Lures? Blimey where do we start? There must be millions of different lures these days. From Surface lures down to Metals the choices are endless. Finding which lures for different scenarios is another ball game altogether. To be honest it can get quite addictive I have a hundred and still struggle to find the right lures to take with me. You get spoilt for choice. However, there are always the lures that you know have caught for you on previous fishing trips. All we can do is give you a rough idea from a previous post on our website. So check through the links below.
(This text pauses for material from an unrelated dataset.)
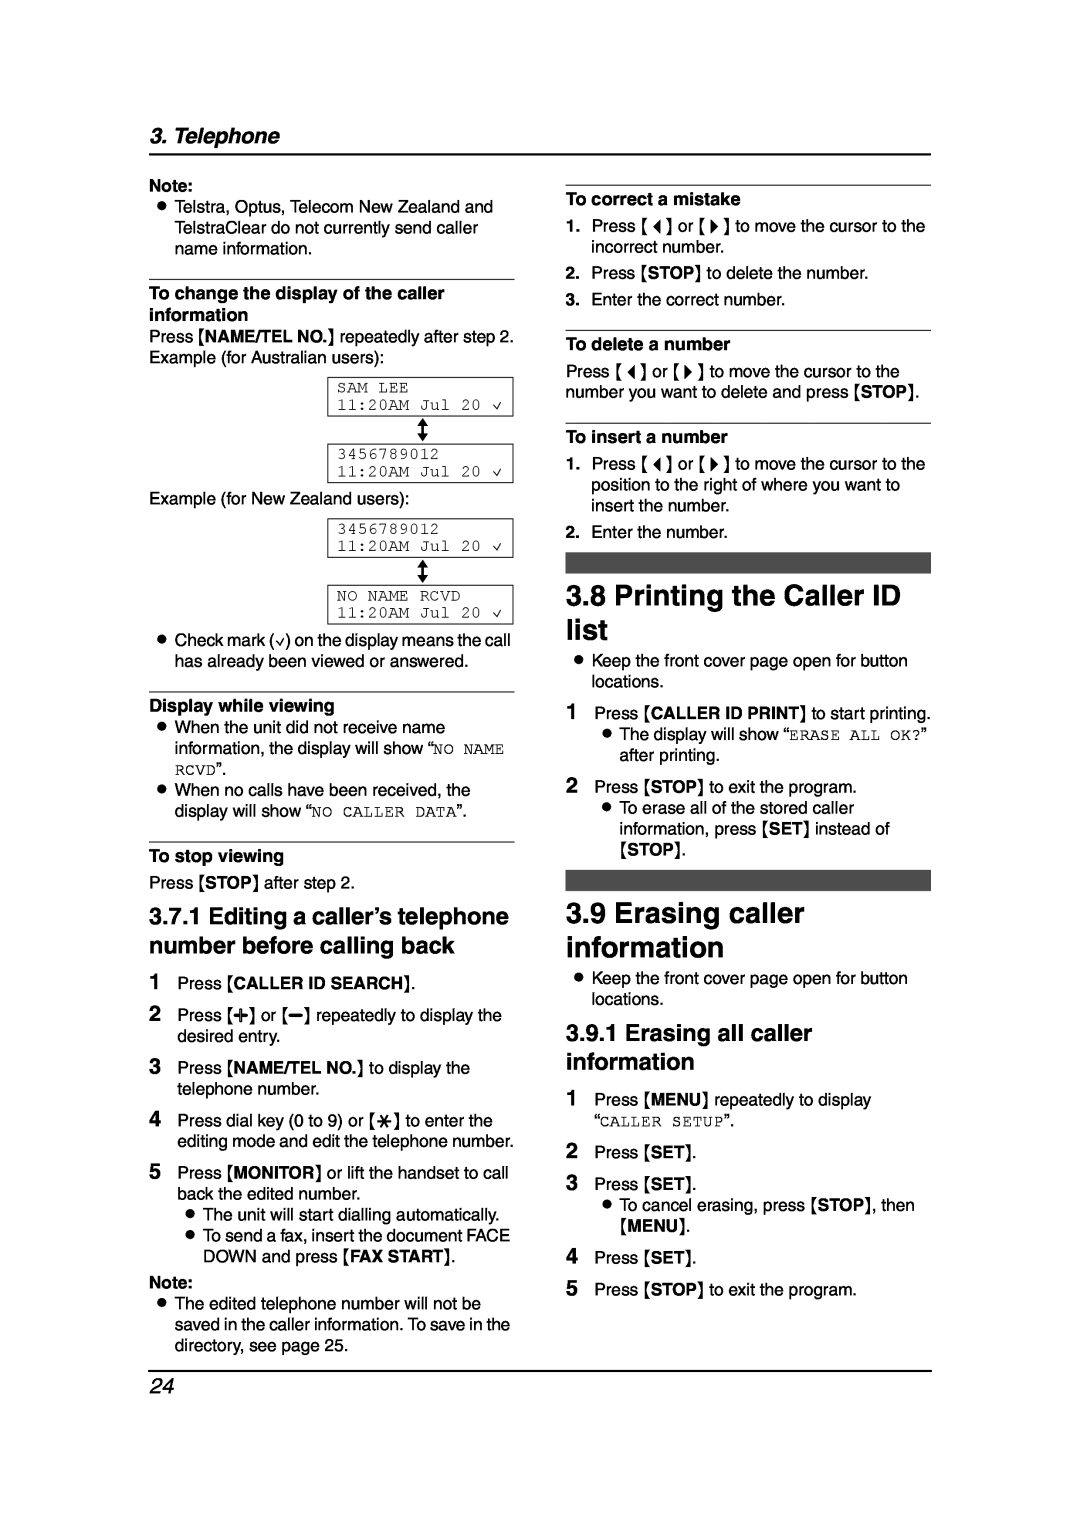 Panasonic KX-FL511AL Printing the Caller ID list, Erasing caller information, Erasing all caller information, Telephone 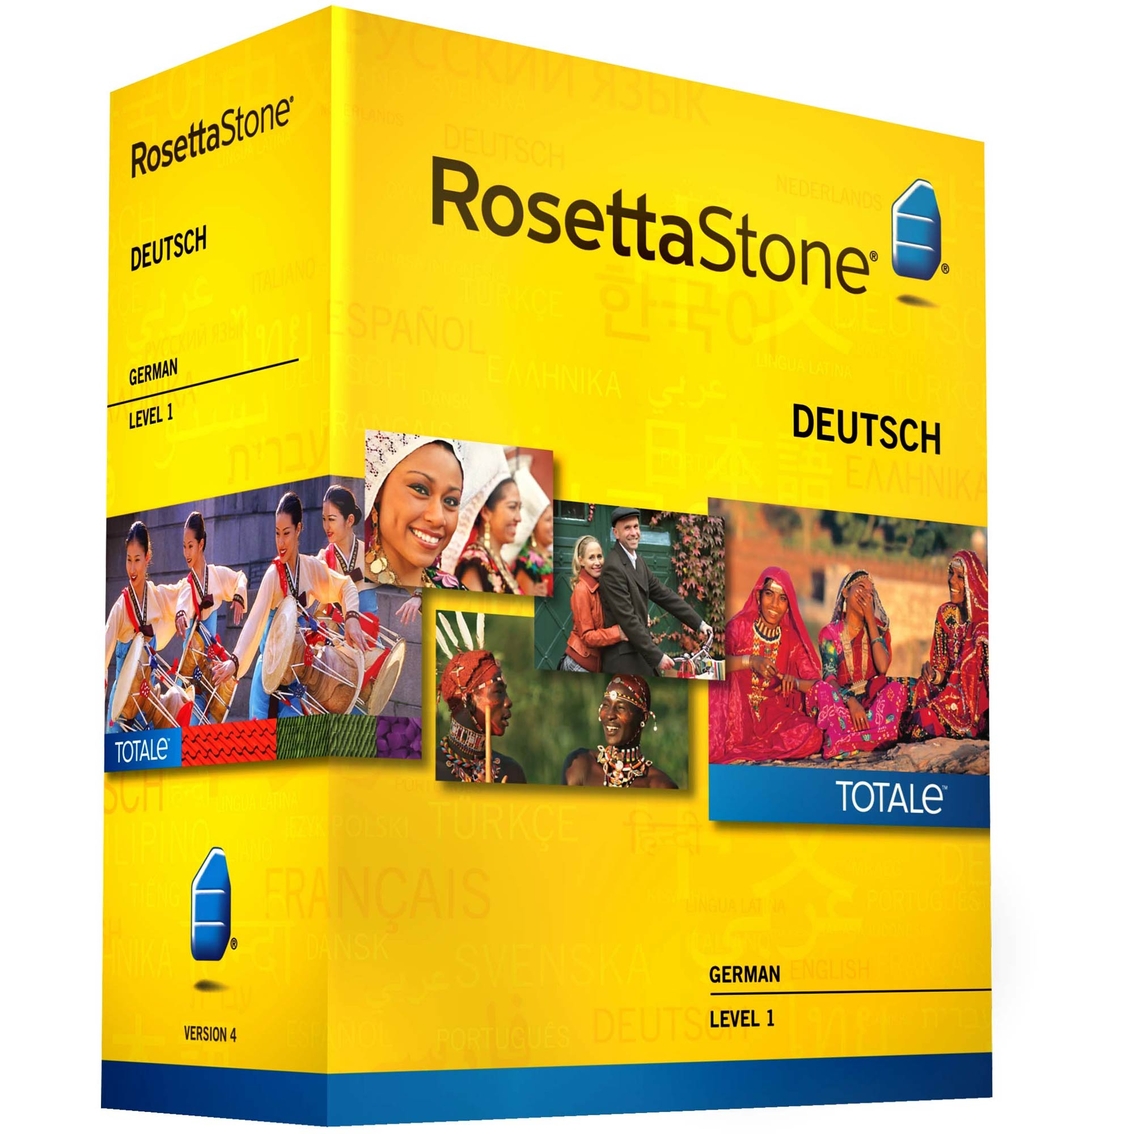 Rosetta Stone Version 4 Totale German Level 1 Language Software Electronics Shop The Exchange

Top 20 Effective Bass Lures for All Occasions
Welcome to our comprehensive guide featuring the top 20 bass lures that have proven their worth throughout the year. These lures span a diverse range, including hard lures, soft plastics, and metal offerings. While some of these choices might be a bit challenging to procure, we’ve made diligent efforts to provide resources for locating them.
1. Leading the Pack: Pirate Teaser 150mm
At the forefront of our list is the Pirate Teaser. This lure dominated the scene during June, delivering impressive catches such as Steve Wood’s record-breaking 68cm bass. Even a substantial 69cm bass was taken on the same evening using this remarkable lure. One standout feature of the Pirate Teaser is its resilience against snagging, even in strong tidal conditions. Whether employed with or without a weighted hook, these lures remained exceptionally productive throughout 2021.
2. Xourus Frosty 500G: Surface Sensation
Next up is the Xorus Frosty 500G, a surface lure that has made its mark this year. Though transitioning from the Major Craft Zalts to the Shimano Luminis presented some challenges in maintaining the perfect “walk the dog” action, Frosty’s effectiveness remained consistent. The Frosty shines in its 500G, Holo bait, and Phophero variants, with the latter being a luminescent option. Its optimal performance is observed in relatively calm waters.
3. MEGABASS SUPER SPINDLE – 5 INCH
If you are a fan of soft plastics then the Spindle Worm is a must if your serious about lure fishing, especially for bass. The Spindle Worm has a paddle tail that will entice any sceptical bass into action. Available in several different patterns to suit all fishing scenarios.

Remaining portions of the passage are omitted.